The genome-wide deformation energy in yeast is calculated by using a sliding window of 129 bp with a step of 1 bp along the genome and then genome-wide nucleosome occupancy is estimated. As shown in Table 2, the predicted nucleosome occupancy has higher correlations with in vitro occupancy than with in vivo occupancy as expected since in vitro nucleosome occupancy is affected only by sequence properties and possible steric hindrance. The ability of our model in genome-wide prediction of nucleosome occupancy is improved considerably than the preliminary one that was based only on bending deformation54. Although less successful than Kaplan et al.’s model (R = 0.84) which is a scoring function method based on training data, our model generated a higher genome-scale correlation (R≈0.80) between prediction and in vitro experimental nucleosome occupancy than many other energetics models, such as Miele et al.’s model51 (R = 0.45 for chrIII) and Locke et al.’s model69 (R = 0.75). Our model also outperforms a bioinformatics model called NuPoP70 (Table 2). It is worth noting that there is an unexpected extremely poor prediction for the tenth chromosome (chrX) of the yeast genome (Table 2). After a careful check on the original data of Kaplan et al.20, we found the correlation (R = 0.227) between their prediction and the in vitro nucleosome occupancy for chrX is also unusually low and the genome-scale Pearson correlation (R = 0.84) recalculated on the data differs from the one (R = 0.89) reported in their paper20. It is theoretically possible that their data for chrX available on the internet is likely to be an artifact of possible errors made during experiments or merely in uploading the data. However, possible reasons for the low correlation need to be investigated in future because we also observed similar results using the dataset of Zhang et al.27 (Table 2).

Table 2 Pearson correlation of predicted nucleosome occupancy with in vitro and in vivo nucleosome maps of yeast.

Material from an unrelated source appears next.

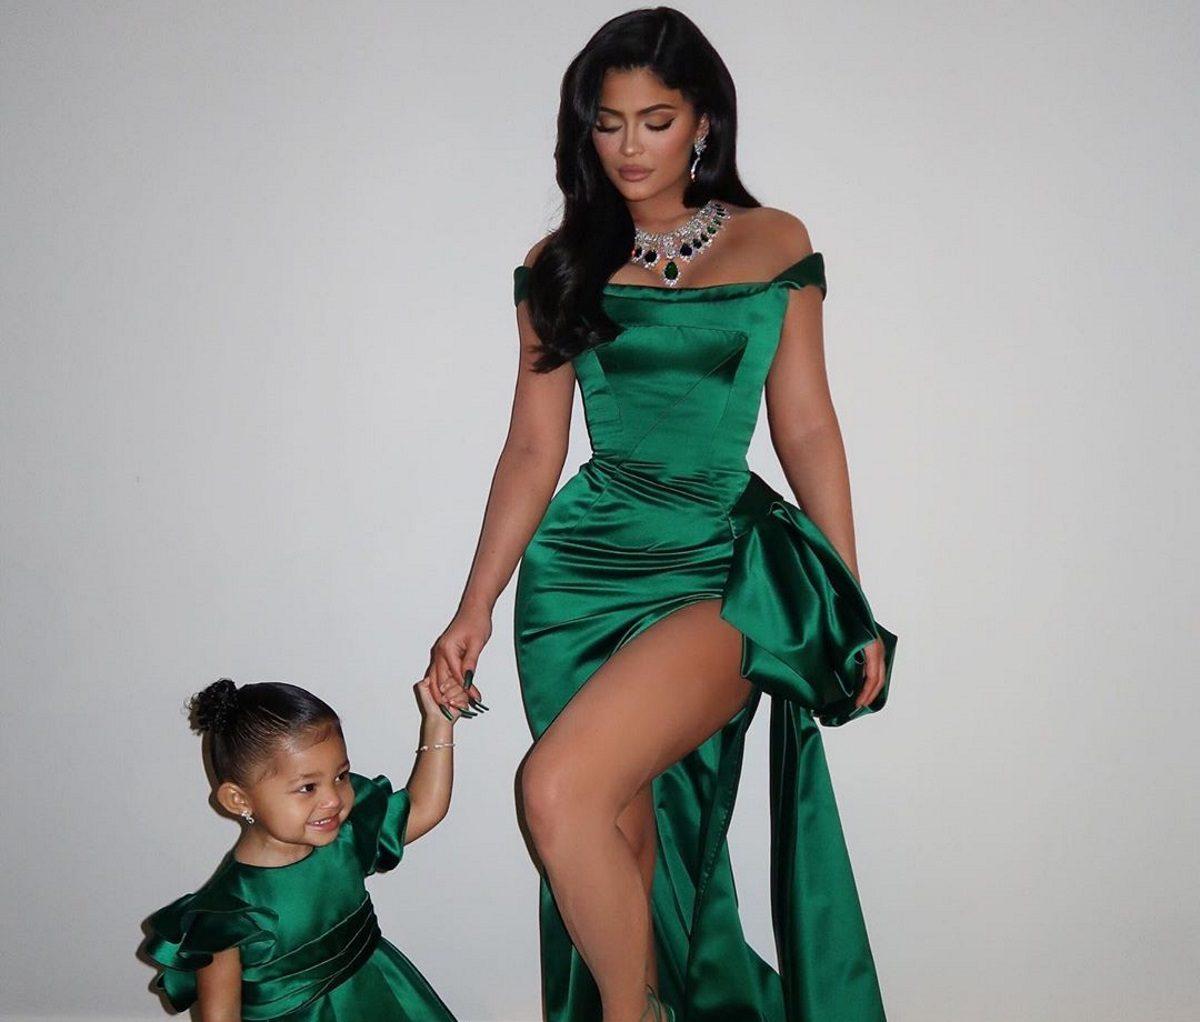 Kylie Jenner: Πάρτι στην Disney World για τα γενέθλια της κόρης της, Stormi! [pics,vid] | tlife.gr

One question needs to be discussed here is how does the grand canonical model response to the nucleosome coverage change. The nucleosome coverage in the chromatin fibers reconstituted in vitro20 is about 30%, which is much lower than that in vivo. It seems that, in the modeling, the chemical potential in the grand canonical model needs to be adjusted to capture the nucleosome coverage difference. However, the best predictions were obtained using the same parameter values (τ = 0.001, β = 15) in the modeling of both in vivo and in vitro data of Kaplan et al.20 (Table 2). It is probably because the difference between in vitro and in vivo data is dominated by non-sequence factors, such as remodelers and RNA polymerase binding in vivo, rather than by average nucleosome coverage. By this we mean that the non-sequence external effects in vivo override nucleosome coverage difference. When applied to another in vitro map27, in which 1:1 histone-to-DNA mass ratio was employed, differing from 0.4:1 ratio used in Kaplan et al.20, our model obtained the best prediction with a different chemical potential-related parameter (τ = 0.01, β = 15, Table 2). This suggests that modeling of different in vitro maps that differ in nucleosome concentration is dependent on the chemical potential in our model. The prediction of the data of Kaplan et al. is more successful than that of Zhang et al. (Table 2), suggesting the lower histone-to-DNA mass ratio used in Kaplan et al.20 may enable intrinsic DNA preference to play a more important role in nucleosome positioning. Note that Locke et al.’s modeling69 of the data of Zhang et al.27 is slightly better than ours, which probably results, at least in part, from the normalizing algorithm applied to the sequence reads by Locke et al.69.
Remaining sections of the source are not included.